The Advance Catalog must have been printed after October 1895 as the references below state the name "The World" was not selected for the new bicycle line until November 1895:

October 10, 1895 issue of _The Bearings _(four Schwinn references

















October 31, 1895 issue of _The Bearings _(one Schwinn reference for contest to name their new bicycle





November 21, 1895 issue of _The Bearings _(three Schwinn references












November 28, 1895 issue of _The Bearings _(one Schwinn reference





December 19, 1895 issue of _The Bearings _(three Schwinn references












December 26, 1895 issue of _The Bearings _(one Schwinn reference


----------



## Freqman1 (Aug 1, 2018)

Blue Streak said:


> The Advance Catalog must have been printed after October 1895 as the references below state the name "The World" was not selected for the new bicycle line until November 1895:
> 
> October 10, 1895 issue of _The Bearings _(four Schwinn references
> View attachment 846818
> ...




Great info. So from this it would confirm that 1896 was the first year of production. Also from this lit we can see the first year they produced Models 1-7 (seven models). Interestingly the '98 cat lists the previous year (1897)Models as 1, 8, 9, 10, 11, 12, 14, 15, 16, & 17 (10 models). The 1898 models begin with Model 22 and run consecutively through 32 (11 models). 1898 also introduces their "Chicago" line (Models 31 & 32). Here is my 1898 Model 22 Standard Roadster. Other than the girls bike listed as a '95 (really a '96) and the Schwinn family tandem (probably a '98) in the Bicycle Museum of America I have yet to find a complete Schwinn earlier than mine. V/r Shawn


----------



## A.S.BOLTNUT (Aug 1, 2018)

Wow , I remember way back in the 1900's when people use to read stuff on paper !


----------



## auto1cycle2 (Aug 2, 2018)

Great piece of history!


----------



## SJ_BIKER (Aug 2, 2018)

great find!!


----------



## frankster41 (Aug 2, 2018)

Oh very nice find!!!!


----------



## Freqman1 (Aug 2, 2018)

ABC Services said:


> Does it have 7 models in it? I have a 1896 catalog and it starts with Model #8




I believe 1896 is the first year catalog and the lit posted by Blue Streak seems to support this. I'd love to see pics of your cat and if you ever reproduce it I'd buy a copy. V/r Shawn


----------



## PJ Fitz (Aug 27, 2018)

bobcycles said:


> I was fortunate enough to acquire this very early Schwinn "Advance" catalog showing the first
> line of bikes "The World" models.  Small piece about 4 x 6 printed on high quality paper
> with an embossed cover and decorative string bow.   Really a gem and only maybe a dozen
> pages with not much detail. Has anyone seen this catalog before?
> ...





bobcycles said:


> I was fortunate enough to acquire this very early Schwinn "Advance" catalog showing the first
> line of bikes "The World" models.  Small piece about 4 x 6 printed on high quality paper
> with an embossed cover and decorative string bow.   Really a gem and only maybe a dozen
> pages with not much detail. Has anyone seen this catalog before?
> ...



Bob,

I own the building that was home to the Arnold, Schwinn Company from its inception in 1895 until  around 1902 when they moved to their new factory on what was then known as 43rd Avenue (now 1718 N. Kildare Avenue). It's the building at the corner of Peoria and Lake Streets that is pictured in the add that Blue Streak posted and it still looks much the same. We placed it on The National Register of Historic Places in 1998 and have restored and maintained it ever since.
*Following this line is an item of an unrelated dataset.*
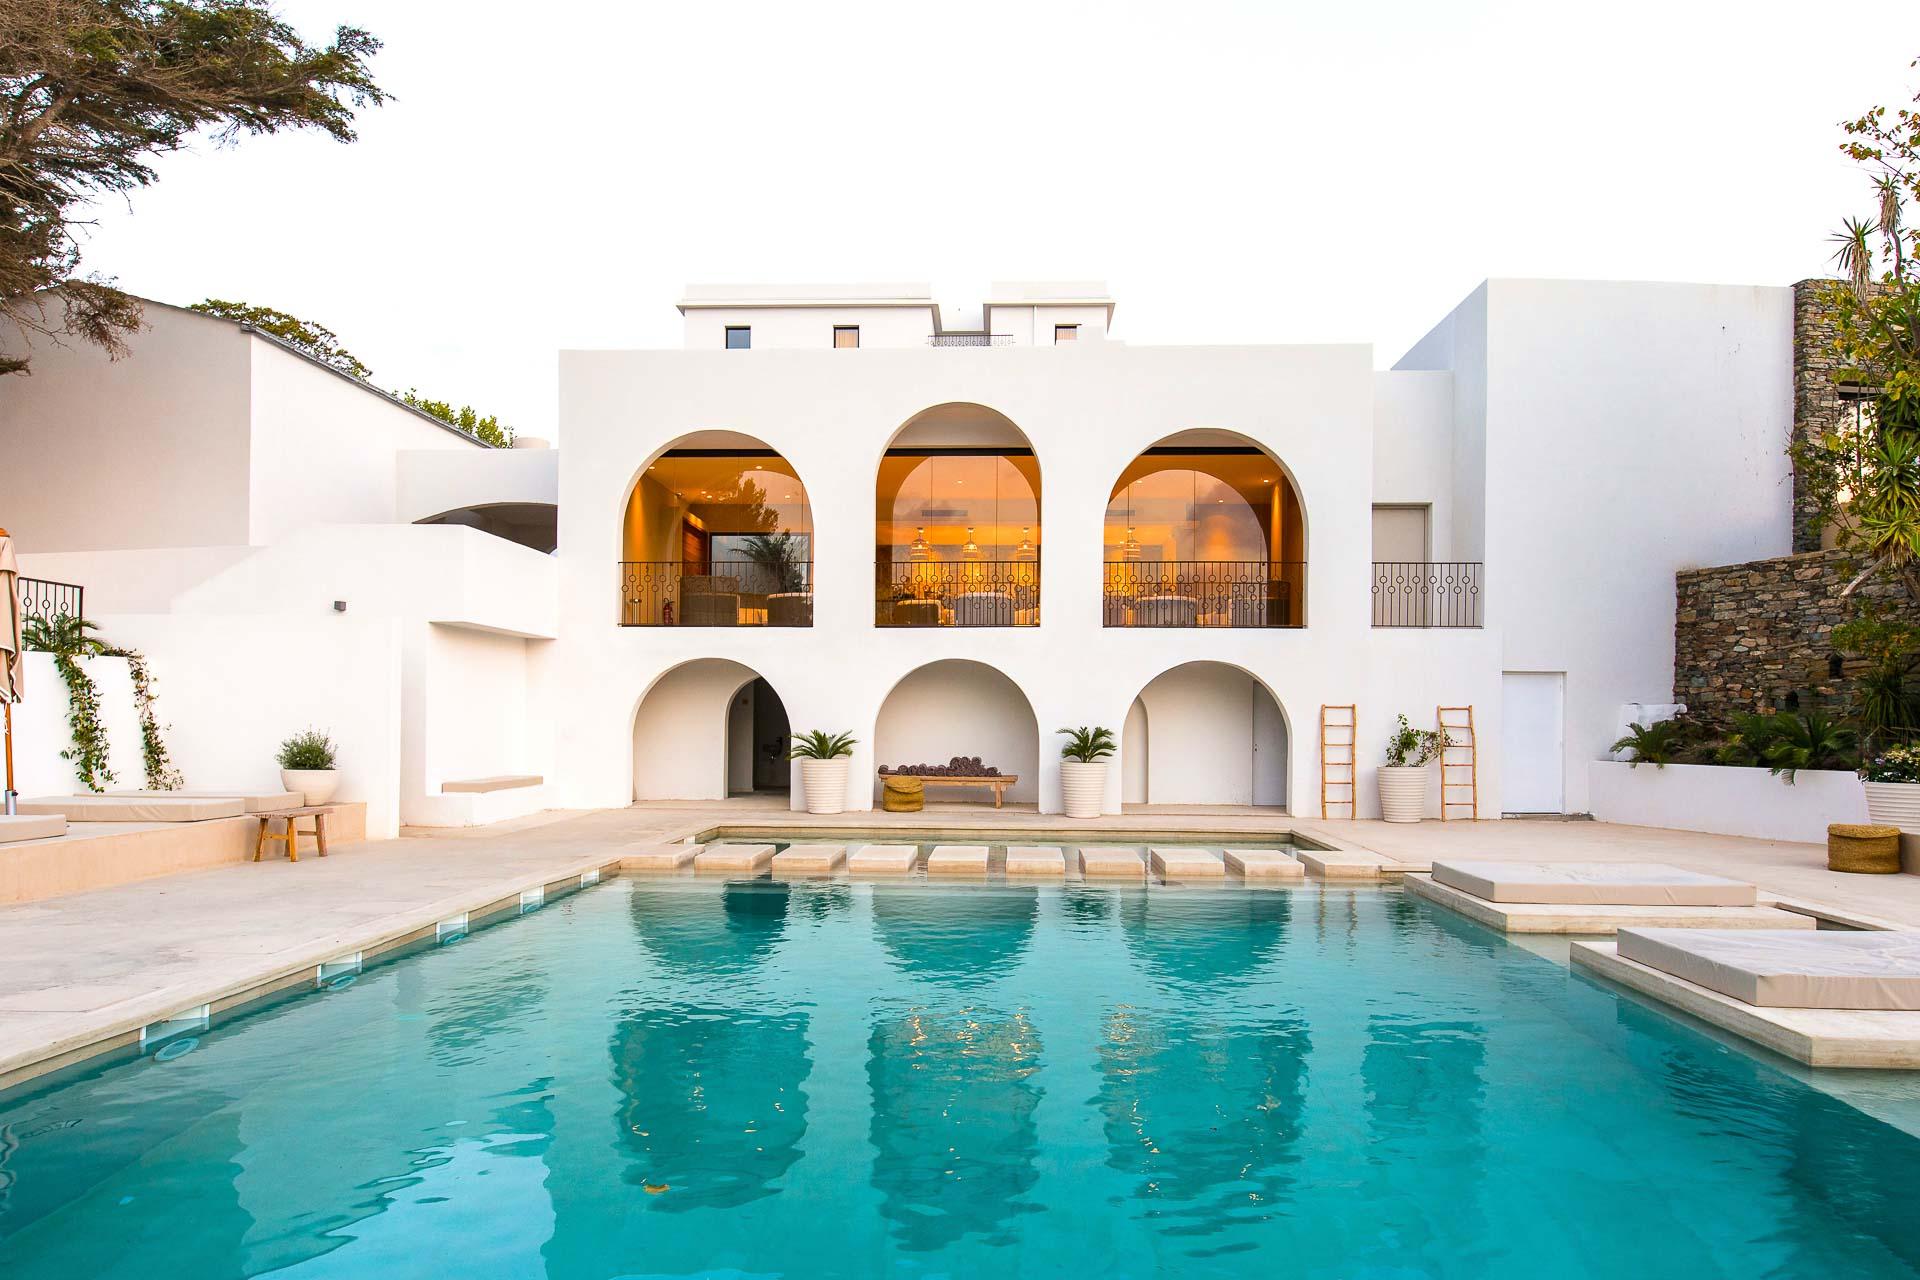 Ouvert discrètement sur les splendides rives du Cap Corse, le boutique-hôtel 5-étoiles Misincu fête cet été son premier anniversaire. 28 hectares nichés au bord de la mer pour seulement 32 chambres et 5 villas, l'établissement joue la carte de l'exclusivité. Visite en images.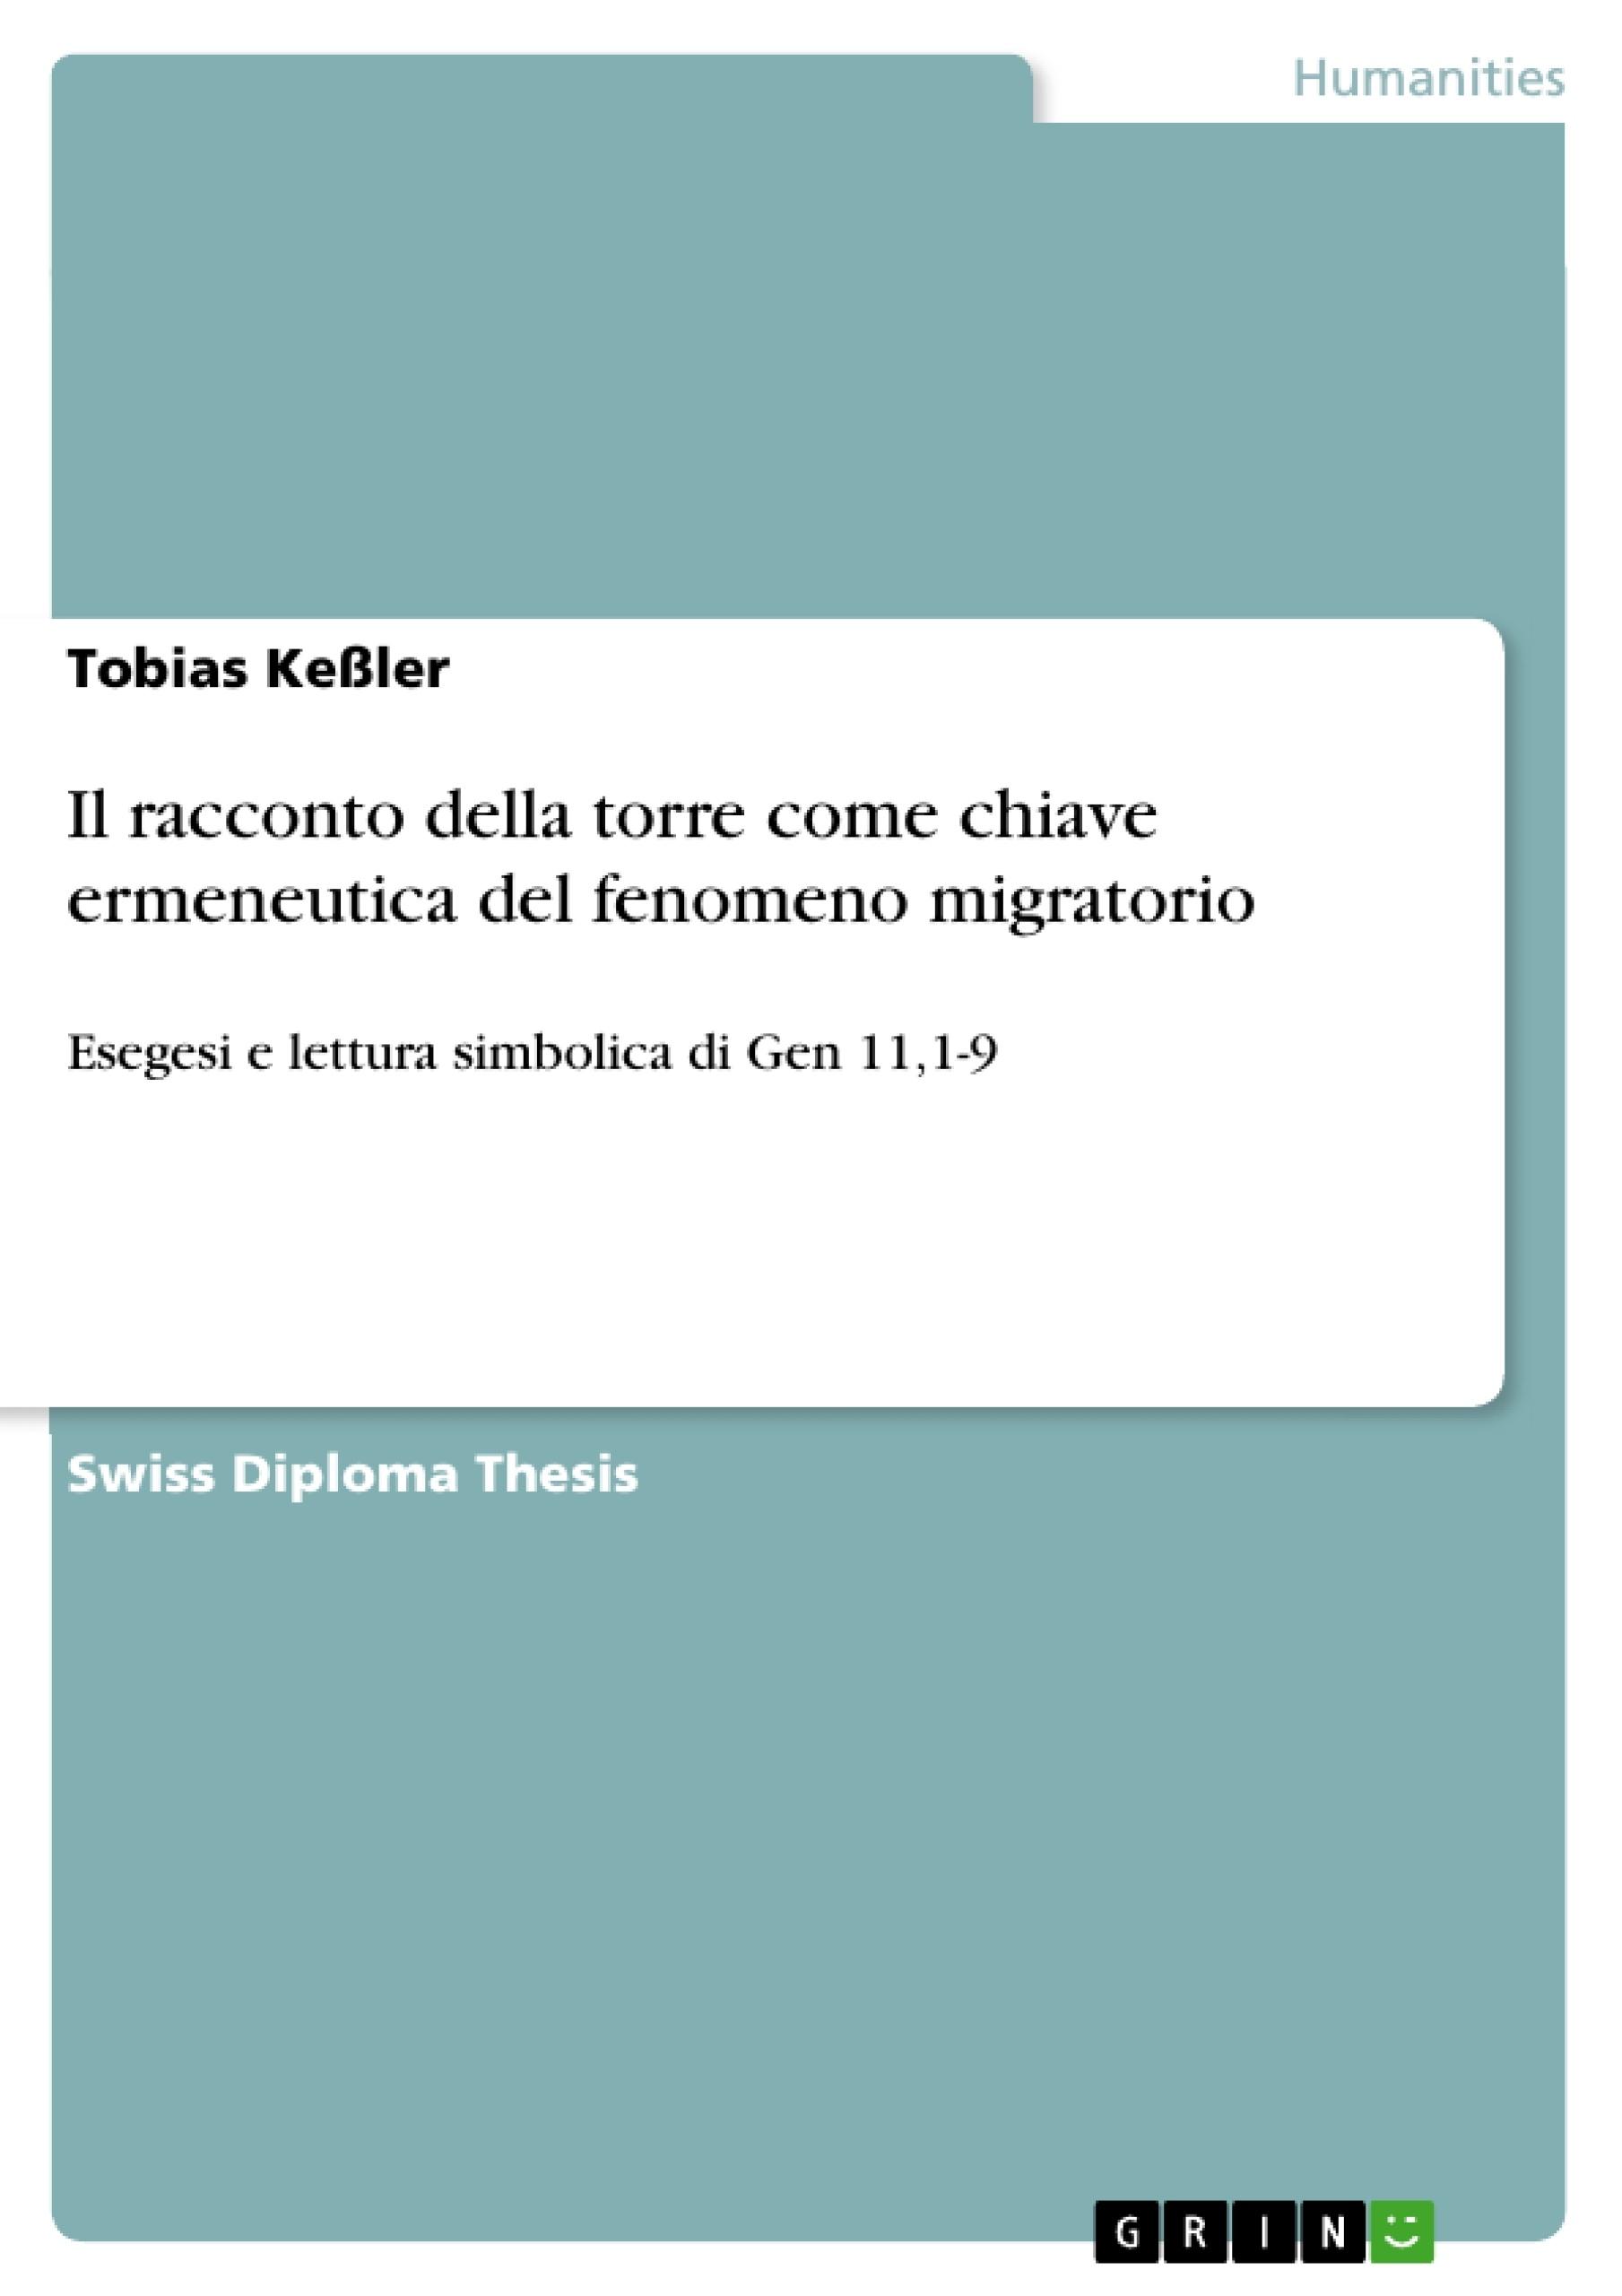 Title: Il racconto della torre come chiave ermeneutica del fenomeno migratorio

Thanks to the generosity of folks on this website I've managed to find some photographs a lot of information on the company's early years but am also interested in acquiring any artifacts from those days that may still exist. If you should ever consider selling this rare catalog I would appreciate an opportunity to bid on it. My intention would be to place it in a secured display in our building but to also to reproduce it in order to make copies available to others who might have an interest. 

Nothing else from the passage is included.